The rest of the country has enjoyed the modern ambience and unique regional dishes of high-end Latin restaurants for years—why has it taken so long for Silicon Valley to catch the Nuevo wave? Joya, Mezcal and others are leading the charge.
By Stett Holbrook
Photographs by Felipe Buitrago
ADOLFO GOMEZ moved to San Jose from Oaxaca in southern Mexico 20 years ago. Although he worked in the restaurant and hospitality industry here, Gomez longed for the tastes of home.
"I was always looking for a place to eat real Oaxacan food," Gomez says.
Once, he found a little place in Redwood City that specialized in the distinctive cuisine of Oaxaca, but the restaurant quickly bowed to market pressures and dropped the complex moles and tlayudas in favor of carne asada and al pastor tacos, like every other Mexican restaurant in the Silicon Valley.
"I like that food, but I always miss my cuisine," Gomez remarks.
Only now, two decades after arriving in San Jose, can Gomez enjoy the flavors of home. That's because he opened Mezcal, his own restaurant in downtown San Jose, last November.
The economy notwithstanding, Gomez says the timing was right to open a new kind of Mexican restaurant because of the dining public's growing sophistication and awareness of the distinctive styles of regional Mexican cuisine.
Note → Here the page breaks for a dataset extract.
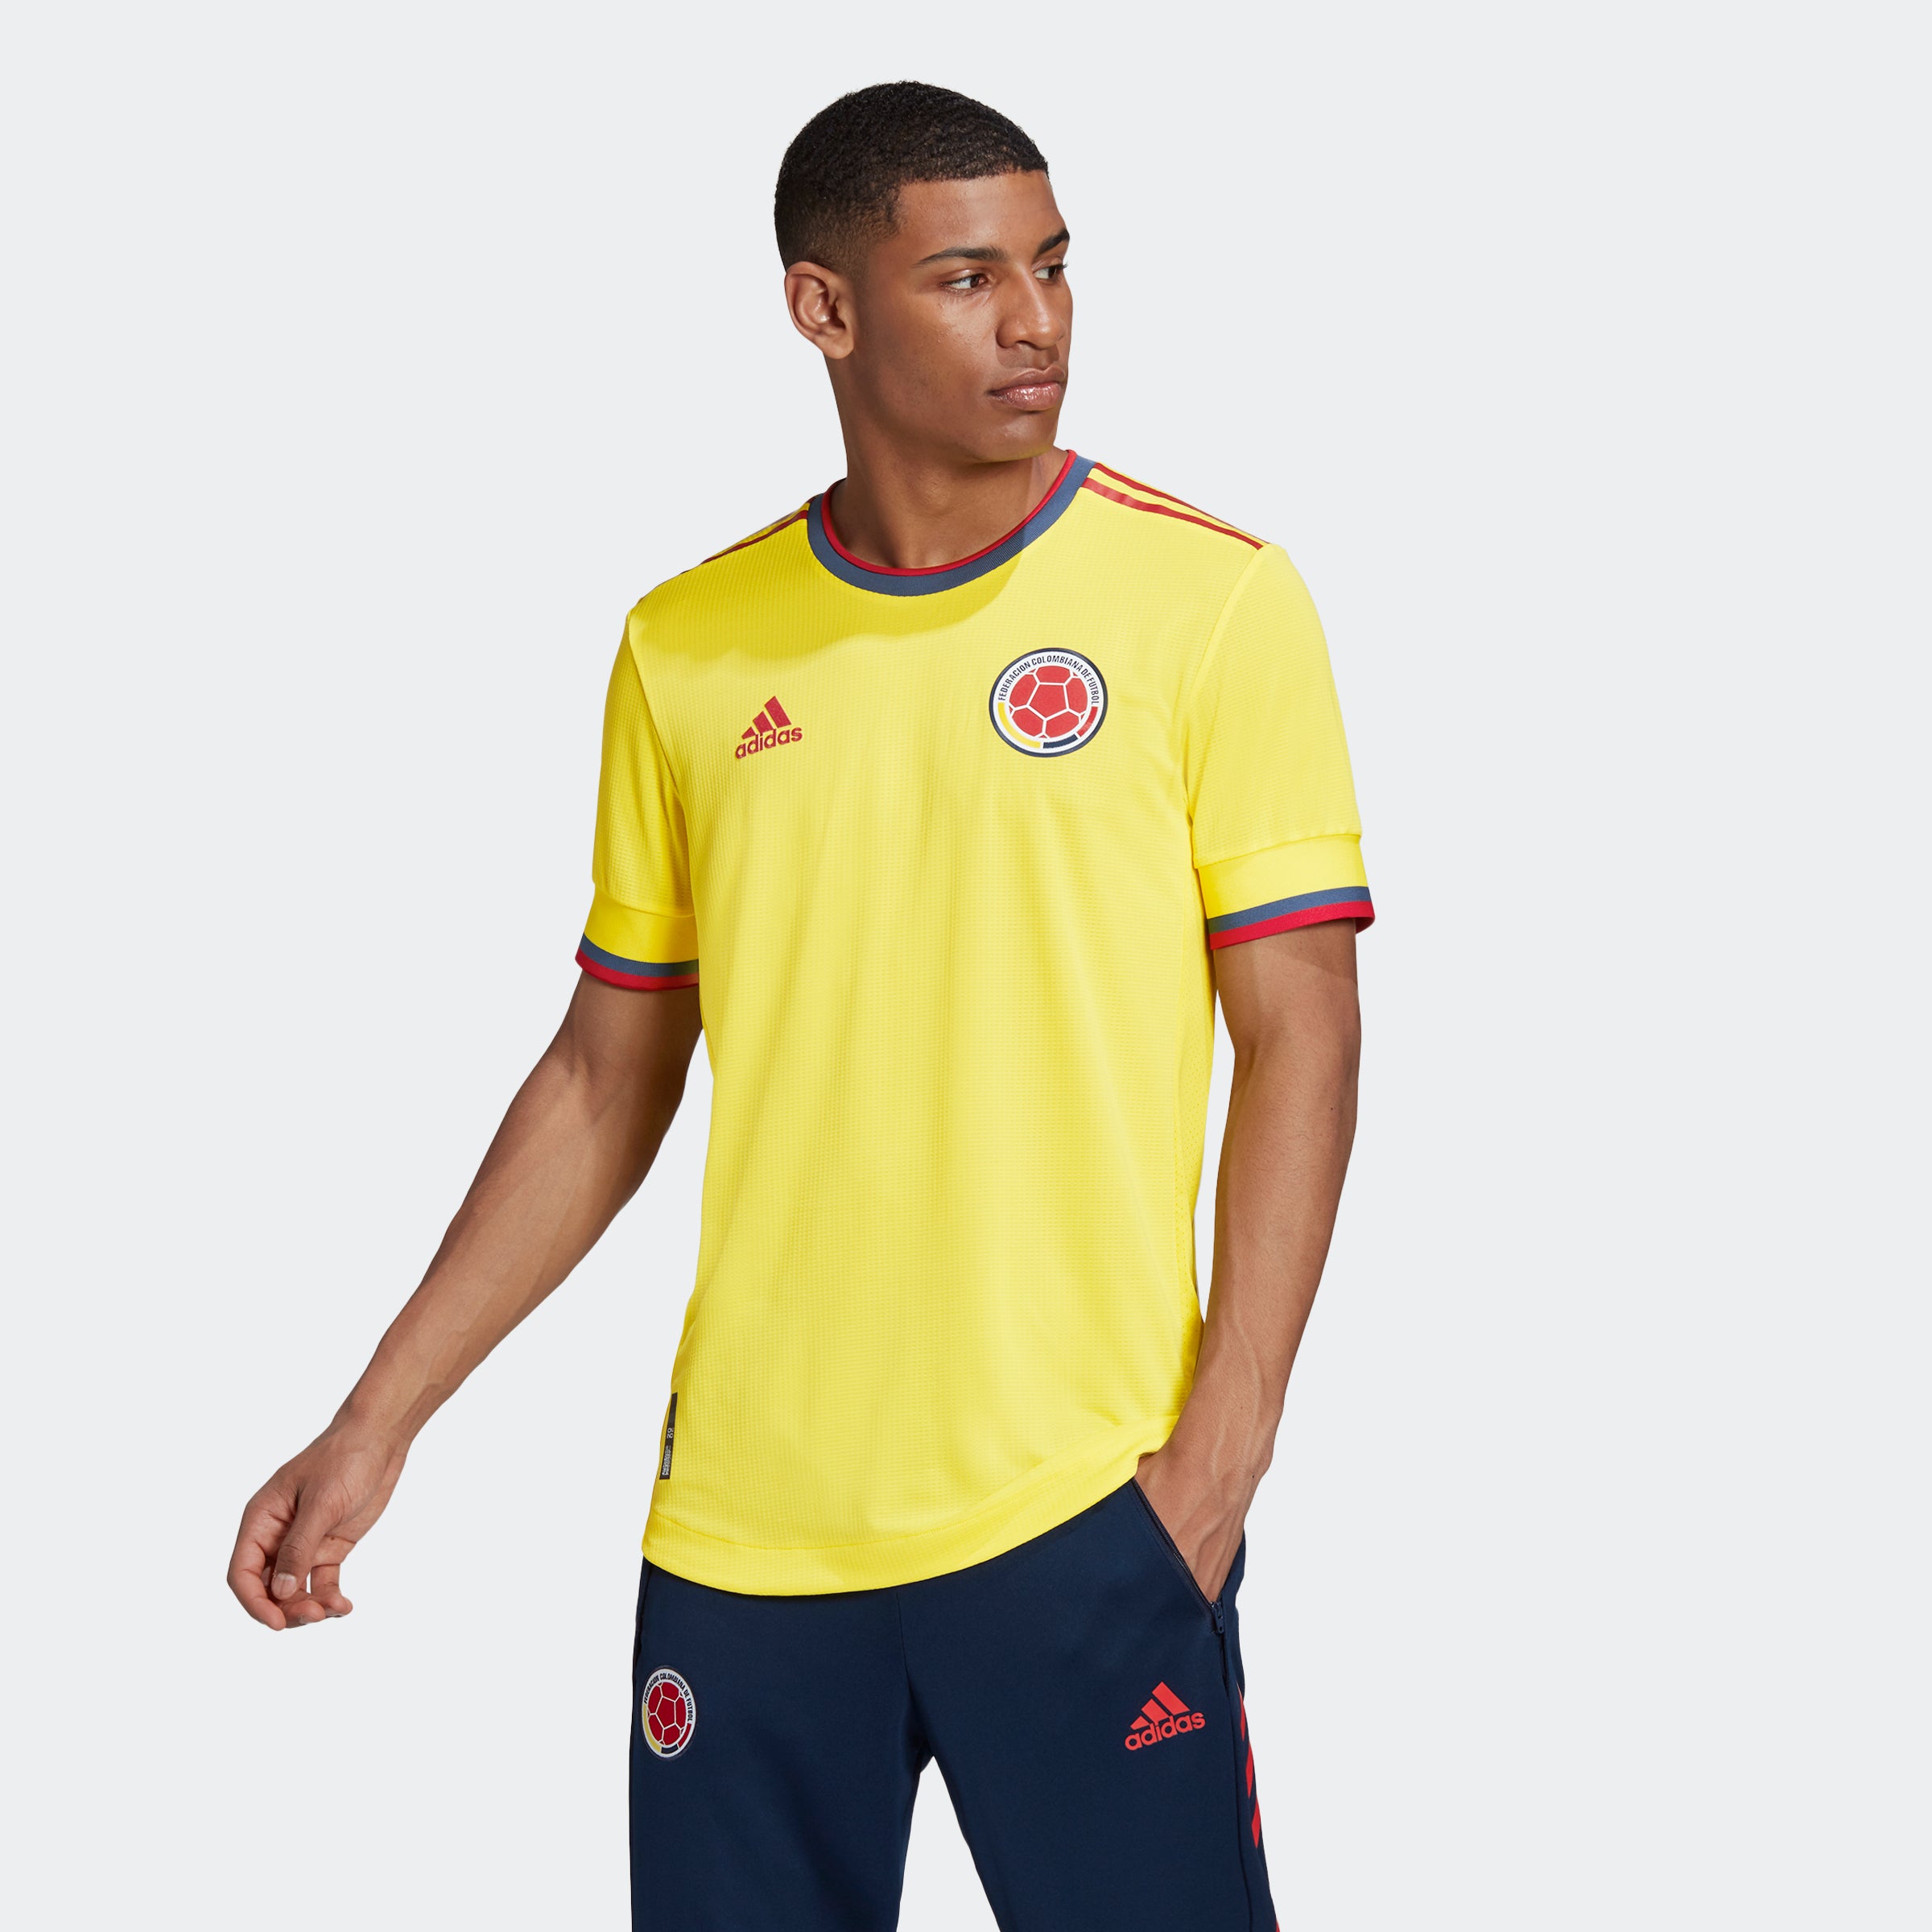 Adidas Youth Colombia '22 Home Replica Jersey, Kids, Medium, Yellow

"I think they're more open to try something different," Gomez tells me. "I think if I had opened a Oaxacan restaurant 20 years ago, I would have ended up doing burritos and enchiladas."
In addition to the excellent Oaxacan food, what makes Mezcal a standout is its cool, modern, minimalist design. You won't find sombreros and serapes on the wall here. Instead, there are colorful animal sculptures from Oaxaca set into recessed displays backlit with colored washes. An exposed brick wall backs the beautiful bar. An airy courtyard sits off the dining room for outdoor seating.
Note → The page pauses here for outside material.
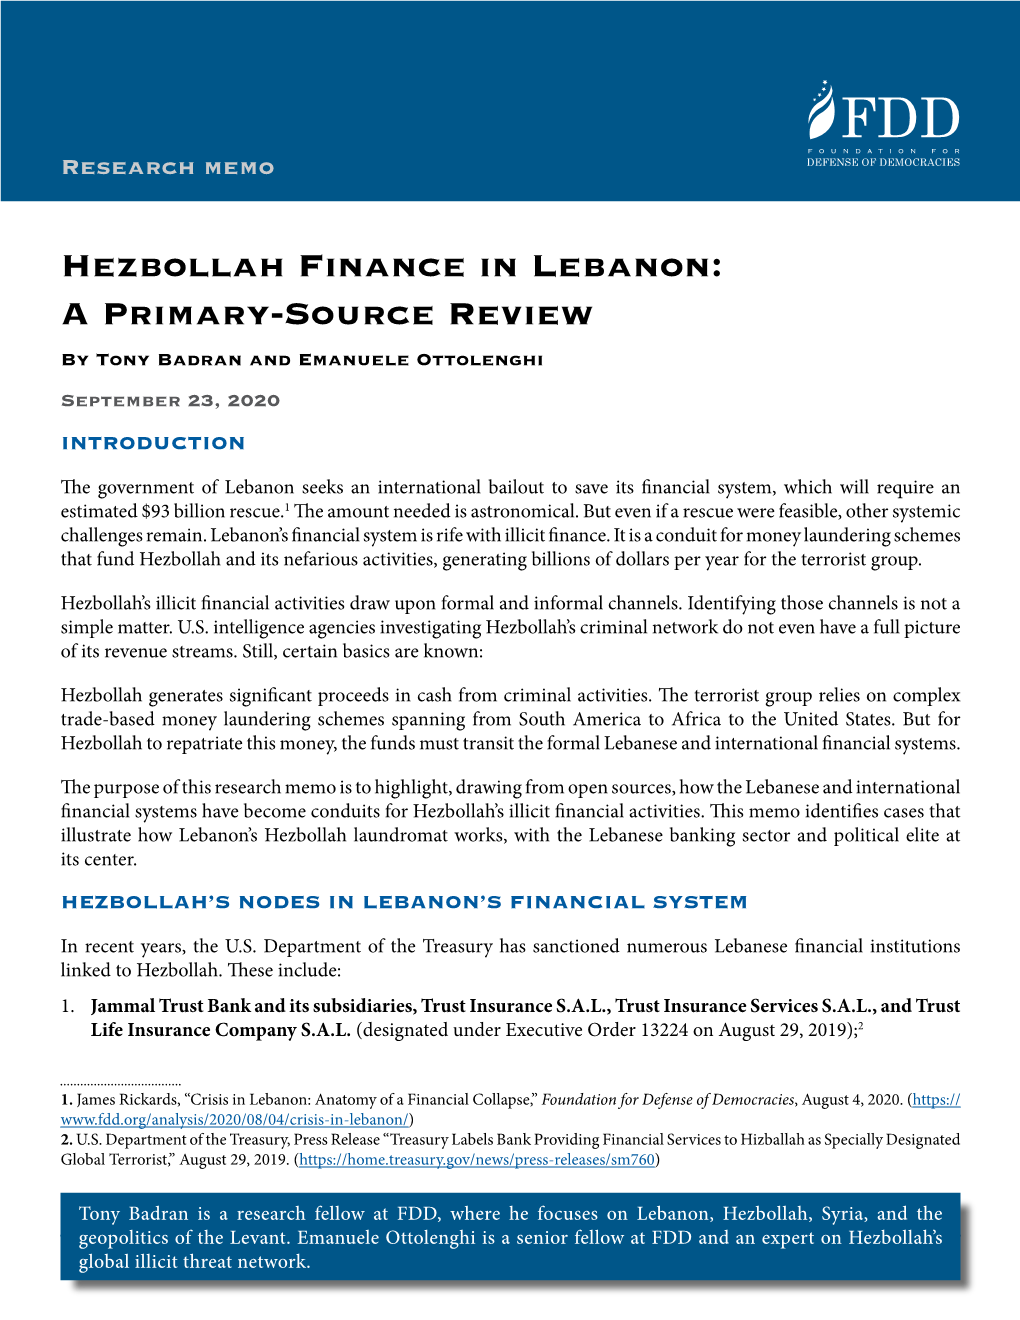 Hezbollah Finance in Lebanon: a Primary-Source Review by Tony Badran and Emanuele Ottolenghi September 23, 2020 INTRODUCTION

Gomez says that although the ambience of his restaurant strikes many diners as upscale, it's middle of the road by Mexican standards. But it's top of the line for Silicon Valley Mexican restaurants.
Mezcal is more than a good, albeit atypical, Mexican restaurant. It is one of a growing number of Silicon Valley restaurants embracing the contemporary Latino aesthetic, a culinary undercurrent that offers a break from the same old rice and beans.
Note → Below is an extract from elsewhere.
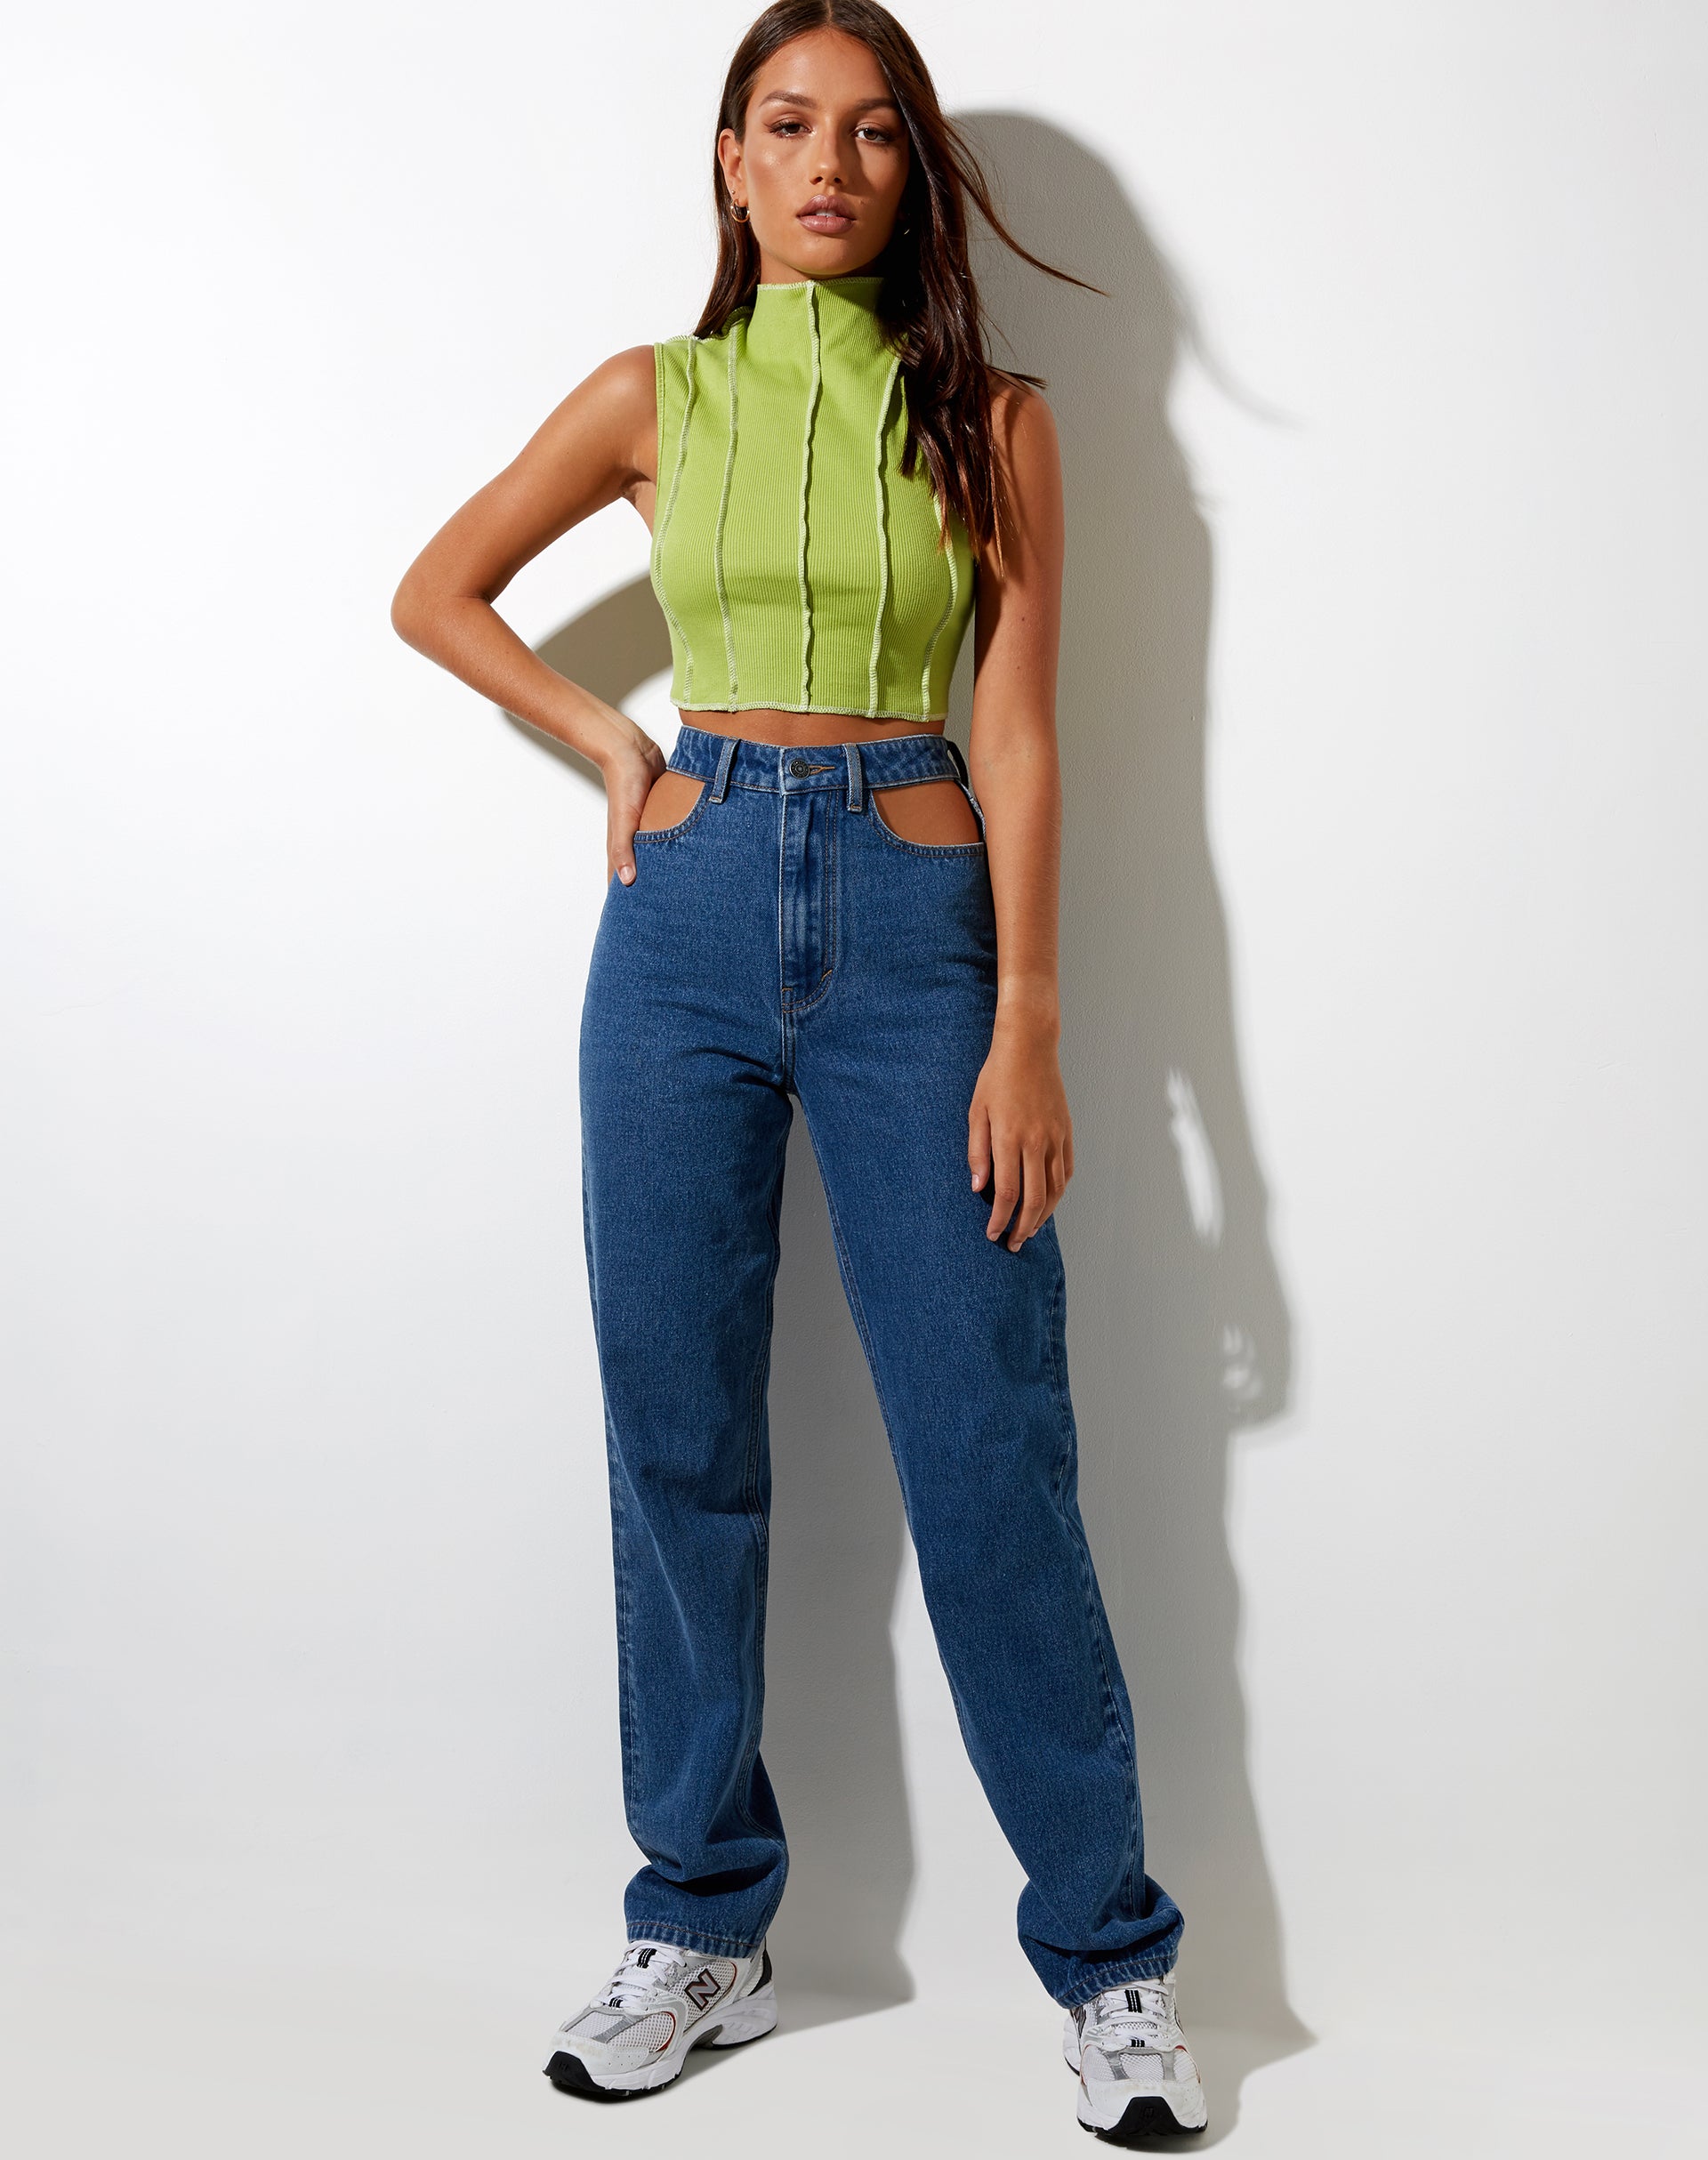 Green High Neck Crop Top with Stitching | Ivy – motelrocks.com

Also known as Nuevo Latino, the trend has flourished across the country for two decades but largely passed Silicon Valley by. Until now. Nuevo Latino restaurants fuse traditional and nontraditional ingredients with high-style dining rooms accentuated with contemporary art and design.
NEW TASTES: The ensalada de mariscos with ceviche callejero at Reposado reflects the inventive cuisine at many Nuevo Latino restaurants.
In addition to Mezcal, Reposado and the Oaxacan Kitchen in Palo Alto and Casa de Cobre in Saratoga offer traditional and inspired menus of Mexican food backed by thoughtfully designed, lively dining rooms. A few other places have dabbled in Nuevo Latino with varying degrees of success.
As far back as the mid-'90s, Aqui Cal-Mex chef Rob Francis was experimenting with unusual Cuban and Asian-influenced specialties at Aqui. Don Durante and Lisa Rhorer's excellent Cin-Cin in Los Gatos and Durante's Cascal in Mountain View incorporate Nuevo Latino influences with excellent results.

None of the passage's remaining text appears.